The Academic Cost of Juvenile Incarceration: Evidence from Regression Discontinuity and Instrumental Variable Analyses
*Names in bold indicate Presenter
Two statistical estimation methods are used – a regression discontinuity design and an instrumental variable model – to estimate the causal effect of incarceration on the educational outcomes of youth. Both designs offer advantages and disadvantages in overcoming the systematic differences between youth who are incarcerated and those who receive community dispositions. The DOP’s use of a risk assessment tool and cutoff points for disposition recommendations creates an ideal opportunity to employ a regression discontinuity design, which compares a narrow band of youth with asset scores on either side of the cutoff point used to recommend placement. Youth on either side of the cutoff points have very similar risk assessment scores, but receive different recommendations from the DOP, providing an estimate of the impact of the recommendation on future educational outcomes.

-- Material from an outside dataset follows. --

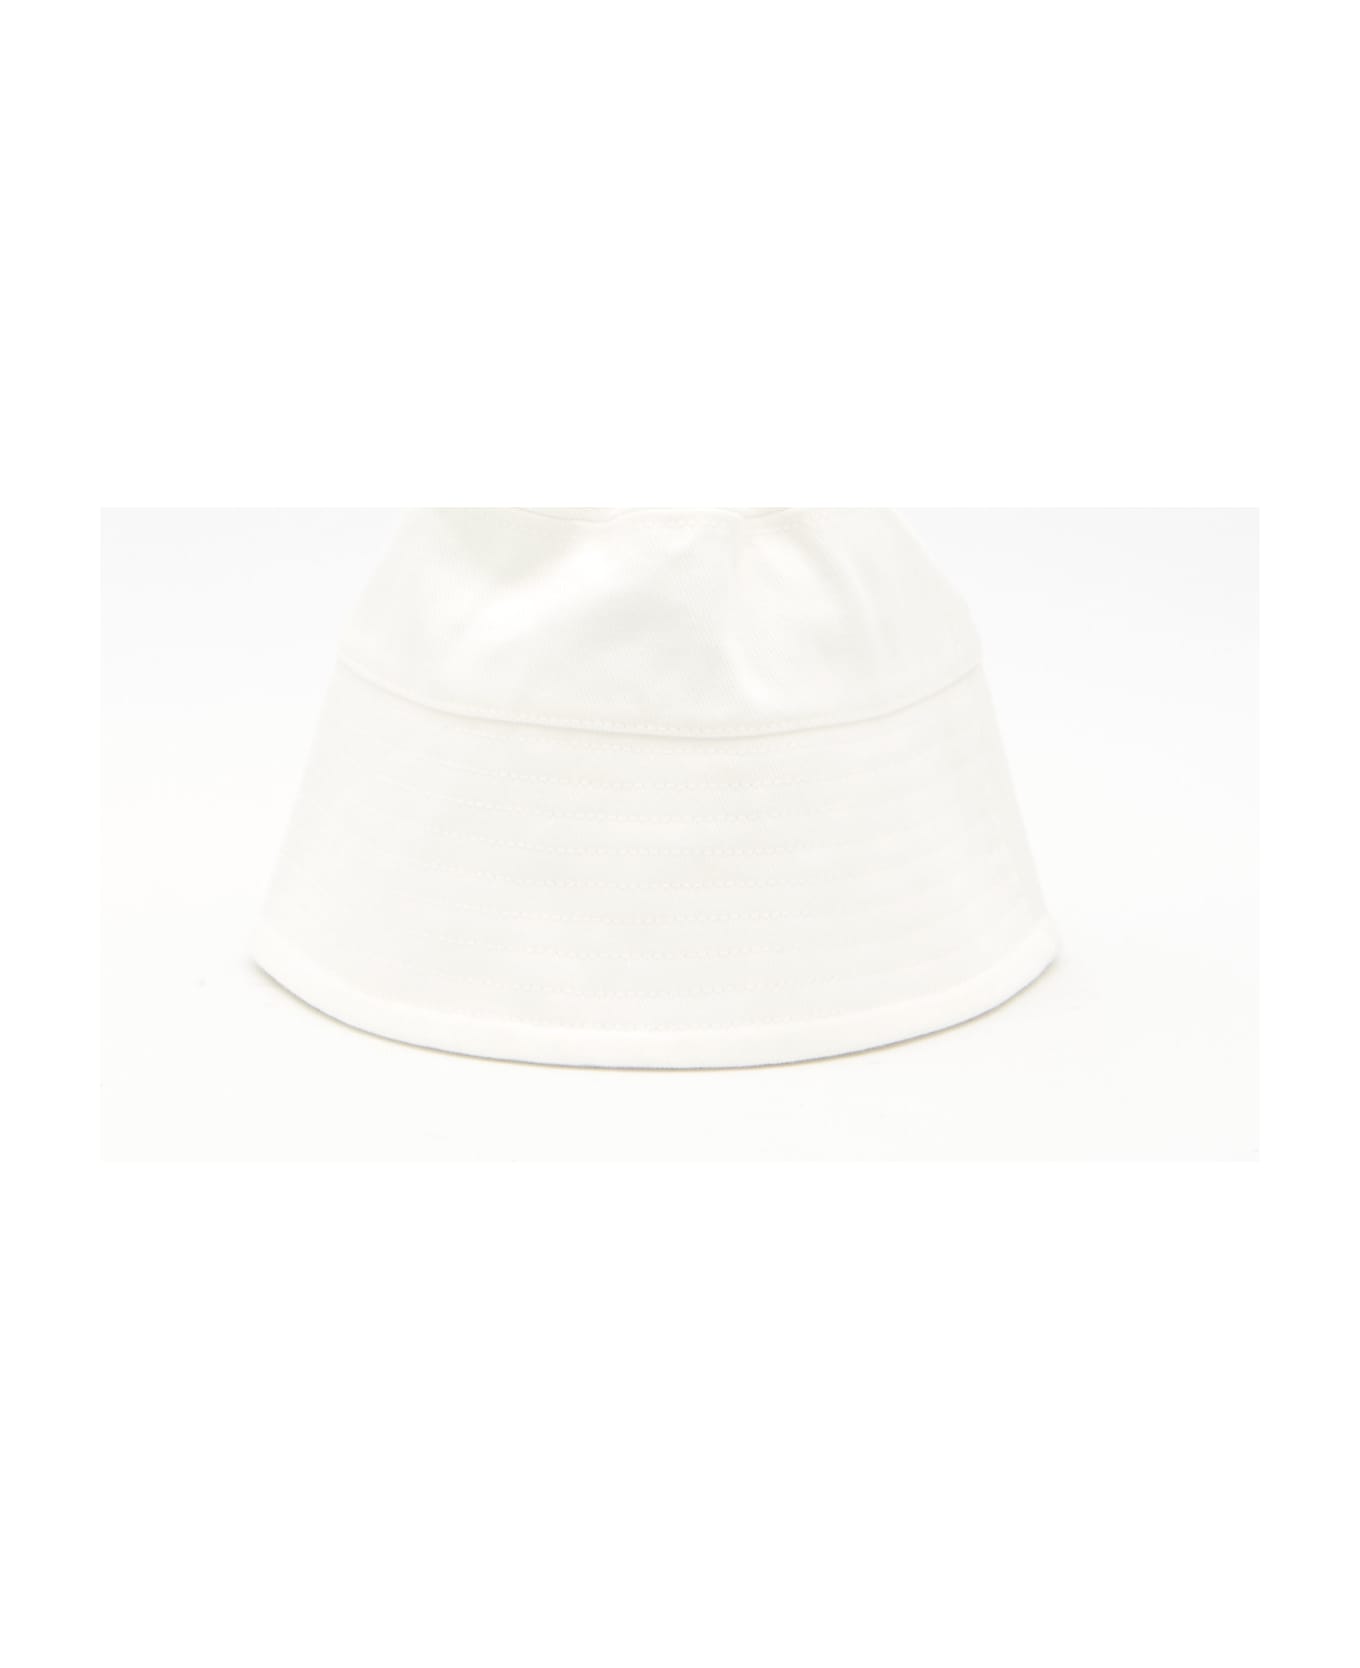 Patou Bucket Hat - WHITE

While the regression discontinuity design offers strong internal validity, the analyses are limited to observations within the narrow bands around the cutoff points, thereby omitting many of the youth in the dataset. The tradeoff is particularly salient in this analysis, when the sample is already limited to those observations with measured outcomes. An alternative estimation strategy leverages the seemingly random assignment of cases to family court judges. Because judges have differing proclivities for sending juveniles to prison, the assignment to a judge gives an individual youth a probability of being incarcerated that is not related to his/her characteristics or case. As a result, the judge’s placement rate is a strong instrument for an incarceration disposition in the model of the impact of incarceration on educational outcomes. Results across both estimators show that juvenile incarceration sentences decrease academic effort and attendance and increase risk of school dropout.